Despite the impossibility to explore systematically the interaction between spatial aspects and cultivar identity, mainly due to an insufficient number of samples, we were able to address this question for a particular case, considering the cv. Galibier, which was most present in the study area. We observed that the distance to a plot grown with a rare cultivar (Kalango) with a different resistance pattern (combination of Lr13 and Lr14a) had an impact on virulence patterns found on the most widely grown cultivar Galibier (Fig. 2), but only for one year. This suggests that the mechanisms determining the pathotype composition of Pt populations on volunteer plots are probably quite complex. Indeed, factors other than distance between plots and cultivar identity play a role in shaping the diversity of pathogen populations such as local environmental conditions56,57 or demographic variation that impact the spatial distribution of strains in an area58,59. Additionally, factors impacting populations on wheat volunteers might be different from those impacting populations on cultivated hosts. Indeed, wheat volunteers are not expected to be exposed to fungicide treatments and could harbour more diverse pathogen populations. They could also cohabit with a diversity of weeds that constitute a wild compartment with more variable prevalence than cultivated canopies, as for virus infections in wild plant populations60. The ecology of agroecosystems frequently differs from natural ecosystems such that interactions that are common in managed systems may be rare in wild systems (e.g. case of viruses infected horticultural orchids61). Pathogen populations on wheat volunteers may play an important role, notably with respect to potential priority or founder effects62,63, during disease establishment with a small number of individuals that initiate a new population, and which have been highlighted as an important cause of differentiation among local populations64.

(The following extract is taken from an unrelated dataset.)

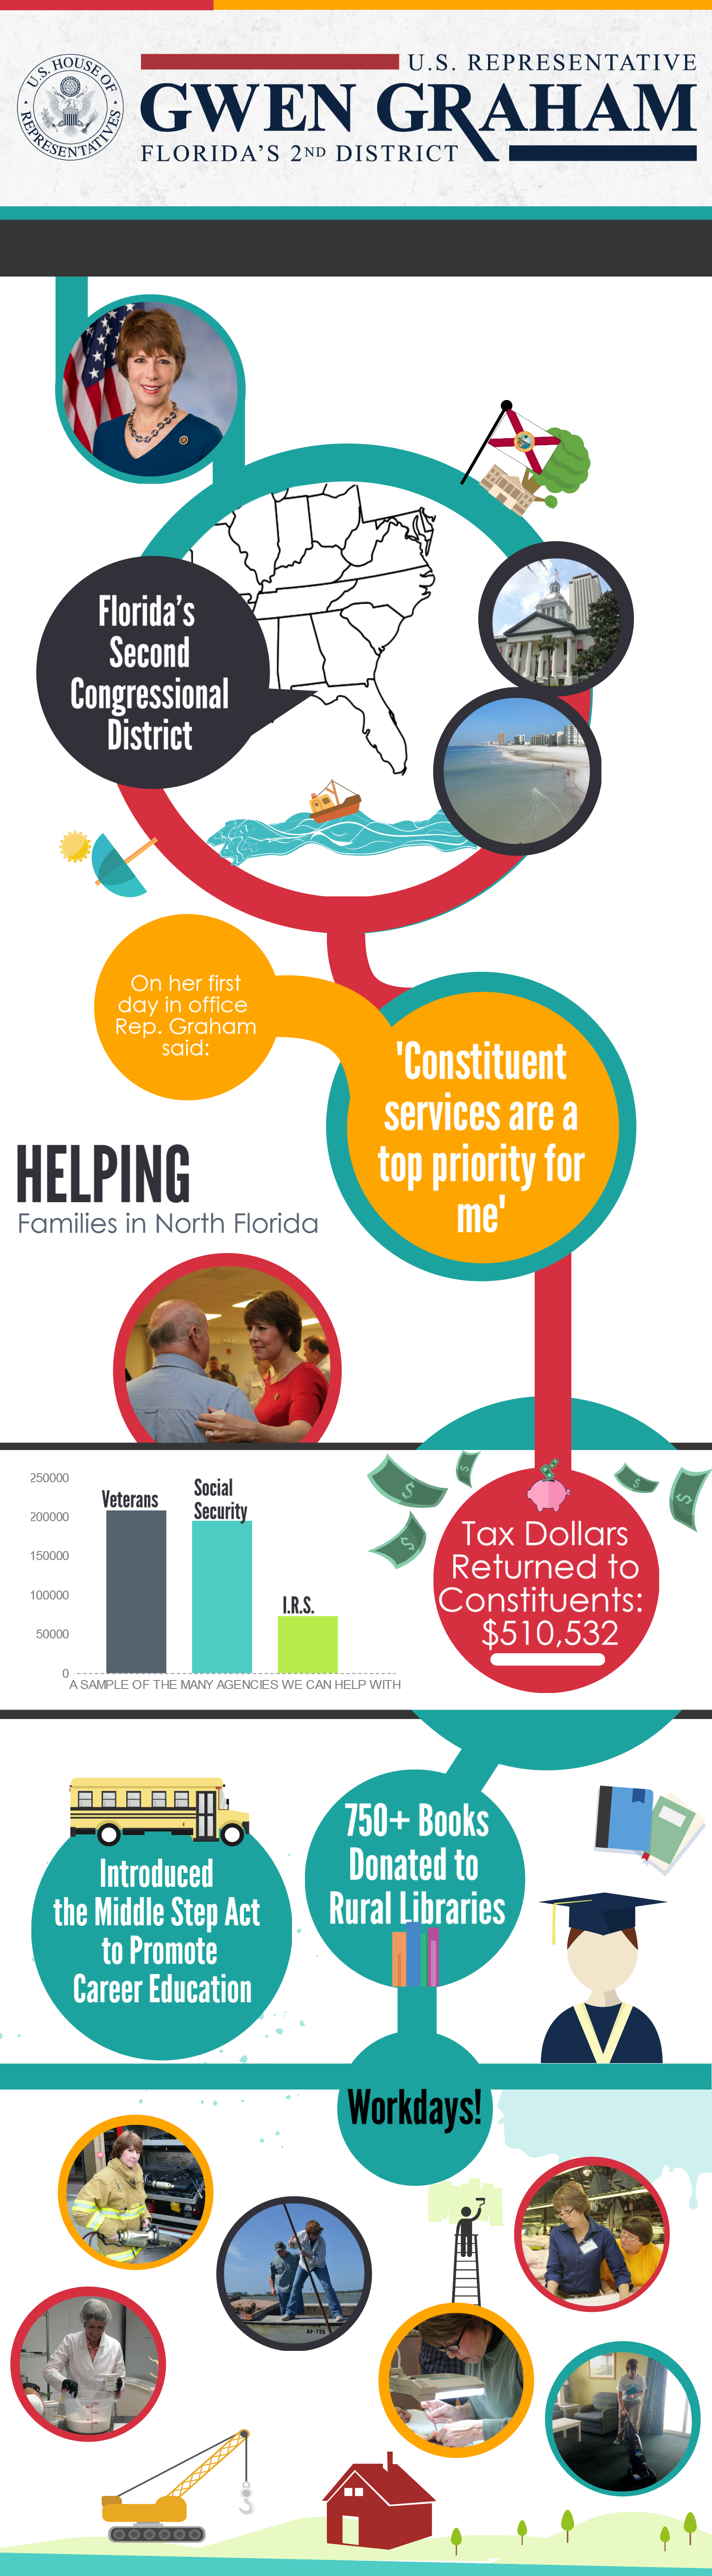 Gwen Graham Constituent Services Infographic

Our results suggest that volunteers acting as source of primary inoculum could play an important role in the adaptation thereof to local cultivars from one year to another. Location of newly sown plots in relation to former wheat plots with volunteers might have an impact on the composition of primary inoculum they receive. Distant inoculum could play a bigger role when small amounts of local primary inoculum are available from volunteers. The contribution balance probably depends on the year (years with more or less prevalence of wheat volunteers and/or leaf rust) and on a range of abiotic factors that remain to be better characterised (e.g. climatic conditions). Integrating multiple scales from plot to regional, national, and even continental scale seems useful to better understand these processes. Combining modelling with experimental studies including molecular tools, field and citizen science surveillance might also offer interesting perspectives to further investigate these aspects in particular to develop a full picture of how these patterns of pathogen diversity during the off-season link to variation in the incidence and severity of the onset of subsequent disease epidemics.